Not able to reproduce, please open a fresh jira if the problem recurs with 0.11.0.

> Kmeans fails when running on HDFS
> ---------------------------------
>
>                 Key: MAHOUT-1658
>                 URL: https://issues.apache.org/jira/browse/MAHOUT-1658
>             Project: Mahout
>          Issue Type: Bug
>          Components: Clustering
>    Affects Versions: 0.9
>         Environment: CentOS 6.6 with HDP 2.2
>            Reporter: Ha Son Hai
>            Assignee: Andrew Musselman
>              Labels: hadoop
>             Fix For: 0.11.0
>
>   Original Estimate: 1h
>  Remaining Estimate: 1h
>
> Hi,
> I was trying to run some examples of mahout on a hadoop platform and saw that when kmeans running in local host, it returned successfully. However, when it ran with HDFS, mahout looked for the intermediate results on localhost instead on HDFS if we use relative path.
> I have to use absolute path of the input and output if I want kmeans to run correctly.
> Here is an typical error when running on HDFS:
> 15/03/26 12:15:07 INFO mapreduce.Job: Task Id : attempt_1426848955524_0062_m_000000_2, Status : FAILED
> Error: java.lang.IllegalStateException: output/clusters-0
>         at org.apache.mahout.common.iterator.sequencefile.SequenceFileDirValueIterable.iterator(SequenceFileDirValueIterable.java:78)

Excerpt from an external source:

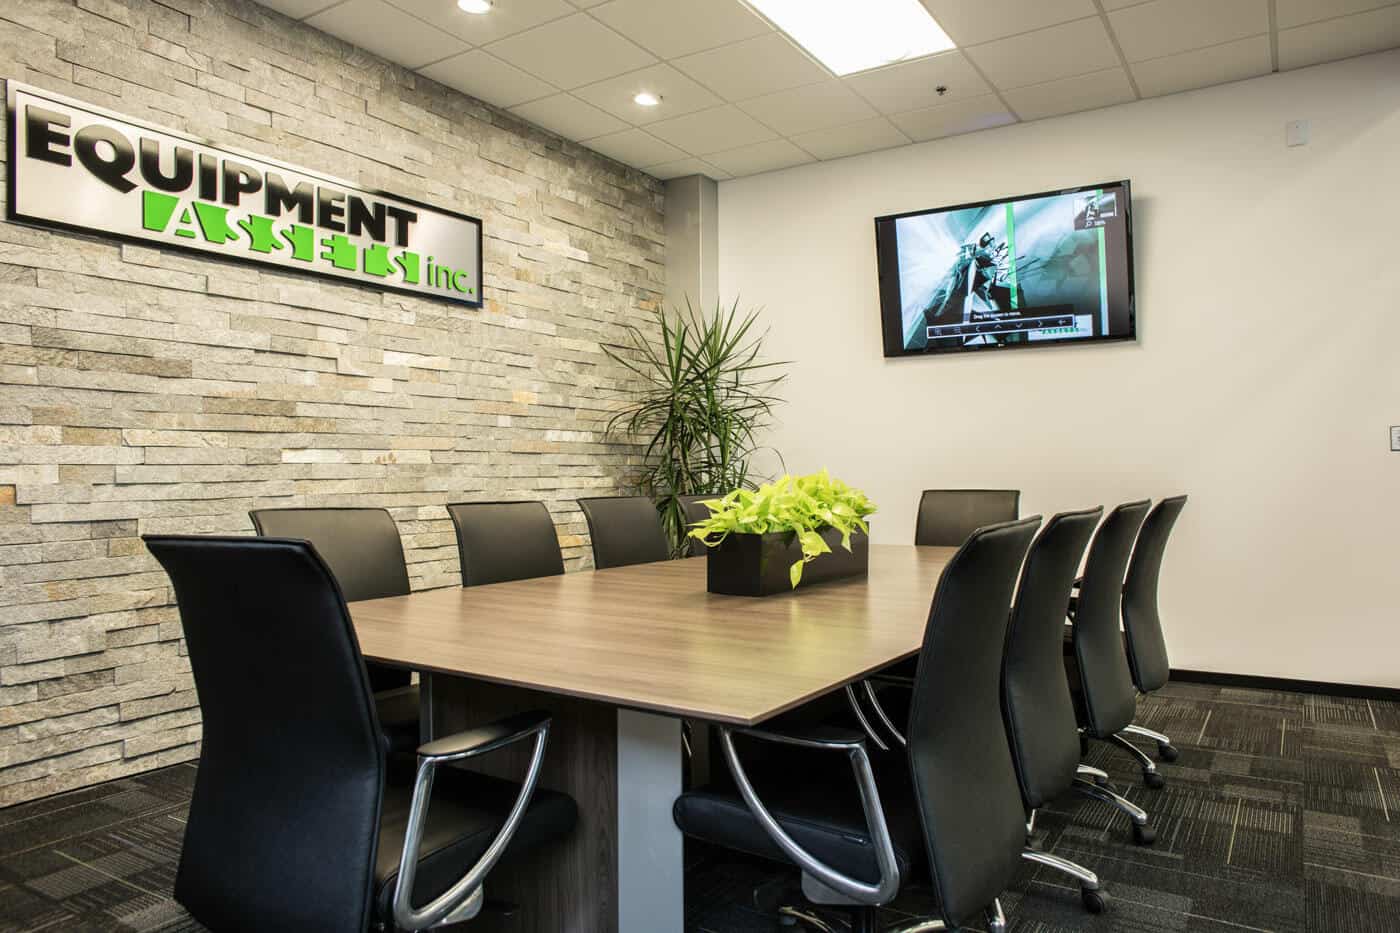 Modern office meeting room featuring a long wooden table, black chairs, a wall-mounted tv displaying graphics, and the company's name "equipment assets inc." on a stone wall with green plants.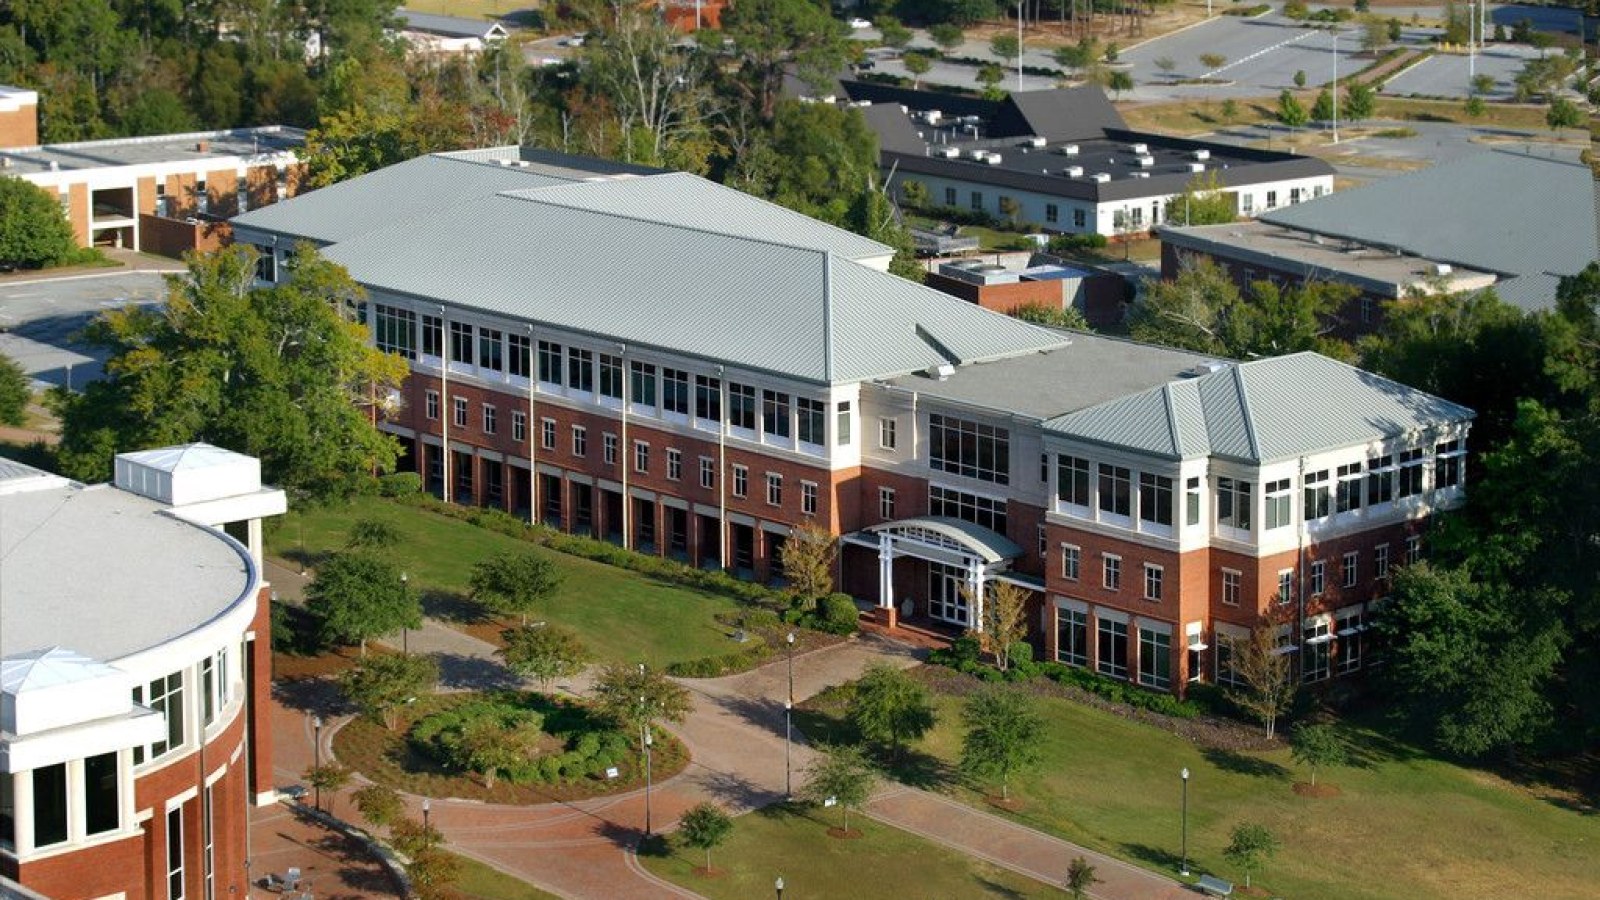 Southern university college

>         at org.apache.mahout.clustering.classify.ClusterClassifier.readFromSeqFiles(ClusterClassifier.java:208)
>         at org.apache.mahout.clustering.iterator.CIMapper.setup(CIMapper.java:44)
>         at org.apache.hadoop.mapreduce.Mapper.run(Mapper.java:142)
>         at org.apache.hadoop.mapred.MapTask.runNewMapper(MapTask.java:784)
>         at org.apache.hadoop.mapred.MapTask.run(MapTask.java:341)
>        at org.apache.hadoop.mapred.YarnChild$2.run(YarnChild.java:163)
>        at java.security.AccessController.doPrivileged(Native Method)
>        at javax.security.auth.Subject.doAs(Subject.java:415)
>        at org.apache.hadoop.security.UserGroupInformation.doAs(UserGroupInformation.java:1628)
>        at org.apache.hadoop.mapred.YarnChild.main(YarnChild.java:158)
> Caused by: java.io.FileNotFoundException: File output/clusters-0 does not exist
>         at org.apache.hadoop.fs.RawLocalFileSystem.listStatus(RawLocalFileSystem.java:376)
>         at org.apache.hadoop.fs.FileSystem.listStatus(FileSystem.java:1485)
>         at org.apache.hadoop.fs.FileSystem.listStatus(FileSystem.java:1525)
>         at org.apache.hadoop.fs.ChecksumFileSystem.listStatus(ChecksumFileSystem.java:570)
>         at org.apache.hadoop.fs.FileSystem.listStatus(FileSystem.java:1485)
>         at org.apache.hadoop.fs.FileSystem.listStatus(FileSystem.java:1525)
>         at org.apache.mahout.common.iterator.sequencefile.SequenceFileDirValueIterator.<init>(SequenceFileDirValueIterator.java:70)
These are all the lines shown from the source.